Introduction

It is well known that patients with end-stage kidney disease (ESKD) have an increased risk of renal cell carcinoma. There have been several types of renal cell tumors reported in patients with ESKD [5, 6, 8, 10, 18, 19]. Papillary renal cell carcinoma (PRCC), clear renal cell carcinoma (CRCC), and papillary adenoma (PA) are the most frequent types of tumors occurring in ESKD [4, 7, 8]. Trisomy of chromosome 7 has been found in non-neoplastic proximal tubulus epithelias of normal kidney and lymphocytes infiltrating kidney tumors or surrounding parenchyma [2, 3, 11]. Little data are available on chromosomal alterations of tubular changes in ESKD. The aim of this study was to determine the copy number changes of chromosomes 7, 17, 3p, and Y in histologically non-neoplastic-looking tubular epithelium in ESKD.

Materials and methods

Seventeen kidneys from 11 patients with ESKD were retrieved from the files of the Departments of Pathology and Urology, Charles University in Plzen.

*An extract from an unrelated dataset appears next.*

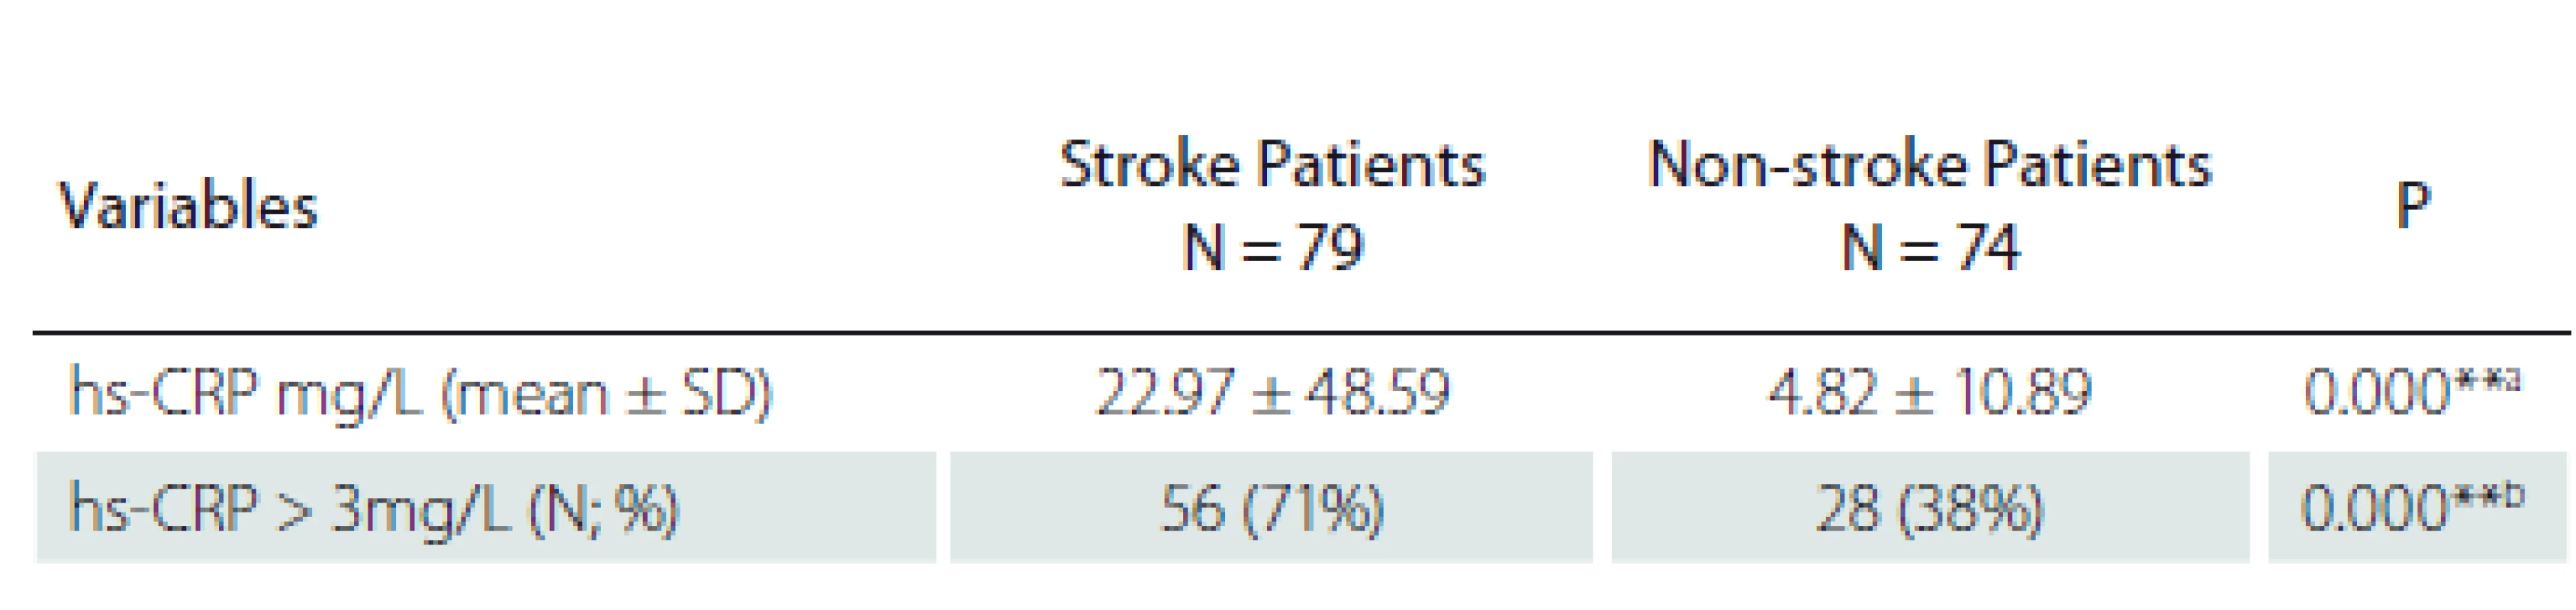 Hs-CRP levels in stroke and non-stroke patients

Histologic sections of formalin-fixed, paraffin-embedded tissue were stained with hematoxylin and eosin. The number of blocks from each kidney varied from seven to 18 from one patient (mean 13). Both neoplastic and non-neoplastic tissues were available for analysis. Non-neoplastic renal parenchyma was examined separately from tumorous tissues. The number of examined hyperplastic and dysplastic tubules varied from two to six per one patient (mean 4).

Tissues containing papillary adenomas, renal cell carcinomas, and liposarcoma were studied separately under the same conditions.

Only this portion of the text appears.